Delhi HC Refuses To Set Aside The Cut-Offs Set By St Stephen's College for Quota Seats [Read Judgment]

Delhi HC Refuses To Set Aside The Cut-Offs Set By St Stephen

Delhi High Court dismissed a PIL that challenged the procedure followed by St Stephens College in conducting admissions for seats reserved for certain categories and setting an unreasonably high cut-off for the same. The court also refused to issue a mandamus to the College, to call candidates, against any quota or course, for participation in the written test and interview, in excess of the number of candidates already called by it.

The present petition was filed by Ms Nandita Narain, who's an Assistant Professor in the respondent College. The petitioner contended that against the quota reserved for various categories of applicant-students, the College, this year, has called for the written test and interview, students far less in number than those who were required to be called. Consequently, the cut-off for admission against these categories of students, was artificially raised, and fewer students were able to apply, resulting in seats remaining unfilled. It was also argued that seats which were essentially meant to be reserved for special categories, such as Christian and Non-Christian persons with disabilities (PwD), Scheduled Tribes, etc., were diverted to the General Category Christians (COTH). This, the petitioner submitted, was a flagrant violation of the Admission Guidelines that the College is expected to abide by.

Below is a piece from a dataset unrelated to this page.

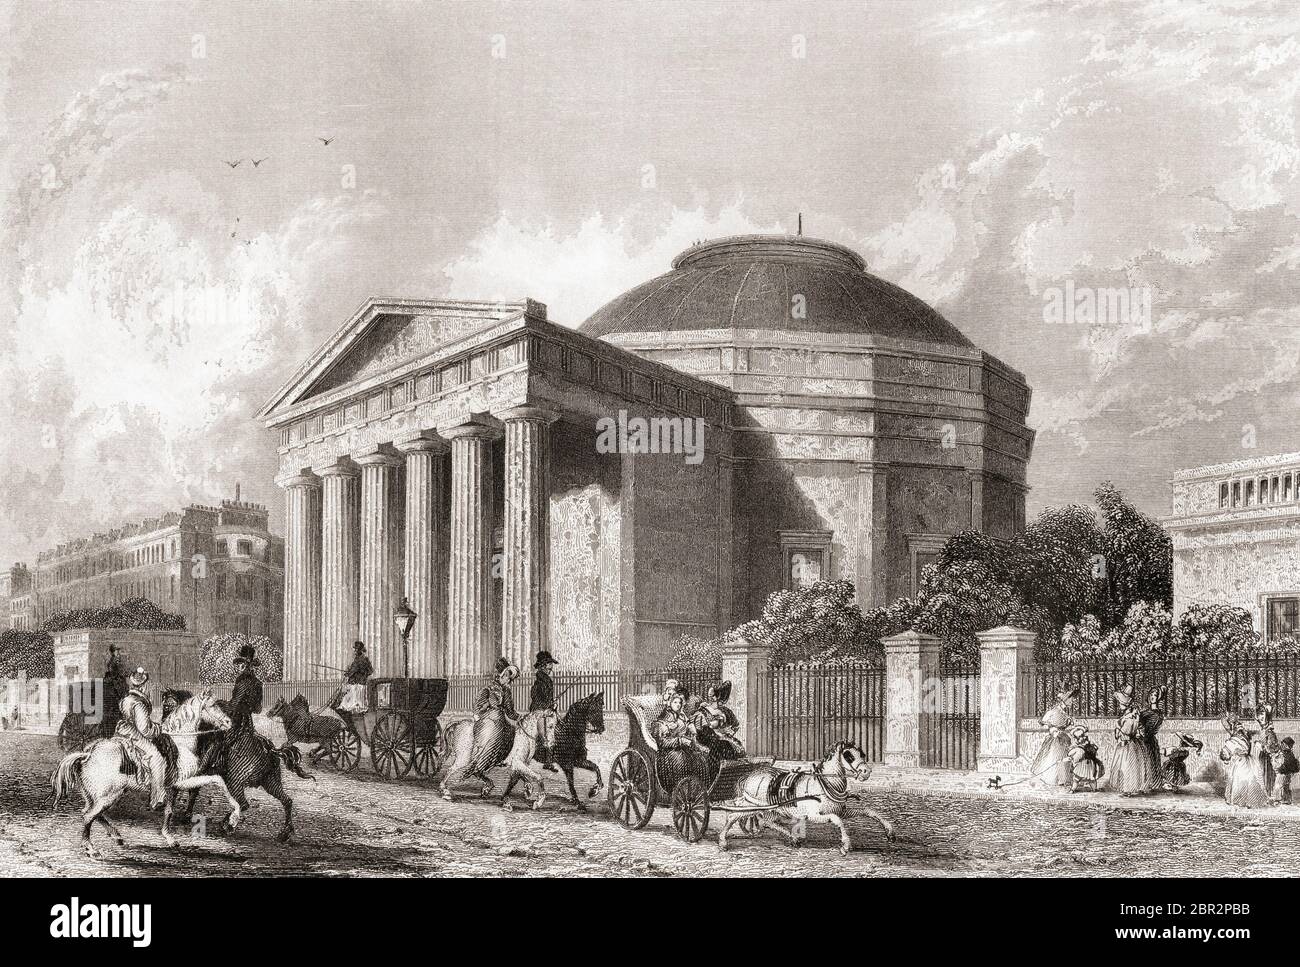 Das Kolosseum, Regent's Park, London, England, 19. Jahrhundert. Erbaut, um Thomas Hornor's 'Panoramic view of London', das größte Gemälde, das je geschaffen wurde, auszustellen, wurde es 1874 abgerissen. Aus der Geschichte Londons: Illustriert durch Ansichten in London und Westminster, erschienen um 1838. Stockfoto

The College, on the other hand, contended that there was no illegality in the admission procedure which was followed. The cut-off is set by a 'cut-off generating software' and not arbitrarily. It was also argued that the Admission Guidelines also permitted the College to, in cases where the number of candidates, in specified "reserved categories", for any particular course, were found to be less than the requisite number, fill in the balance from the COTH quota candidates. Despite the fact that the Admission Guidelines give discretionary power to the Principal for setting the cut-off, cut-offs for the impugned courses were decided, not by the Principal acting individually, but by a committee comprising the Principal, the Heads of the concerned Departments, the Tutor for Admissions and the Associate Tutor for Admissions, who were all senior faculty members.

The Division Bench of Justice DN Patel and Justice Shanker were satisfied with the submissions made by the College. They held that fixation of cut-offs, for admission of students to educational institution, unless governed and not merely guided by some

binding statutory or quasi-statutory directive, is essentially a matter for the institution to decide. Since, there's no law mandating fixation of cut-offs in any particular manner, the courts have to be cautious in making any intervention. Such an intervention can only be made when exercise of fixing cut-offs violates the law, or suffers from arbitrariness or caprice, or entrenches on the right of the citizen to education.

The court also reiterated the jurisprudence laid down in Associated Provincial Picture Houses, Ltd. v. Wednesbury Corporation, (1947) 2 ALL ER 680 which states that where an academic institution admit students according to an Admission Policy framed by the institution itself, the manner in which the Policy is to be worked is also, essentially, a matter for the institution to determine

and decide for itself. So long as the actions of the institution are not found to be coloured by patent arbitrariness or mala fides, and are not clearly violative of any binding statutory or other prescription, or proscription, interference, by a writ court, is not warranted.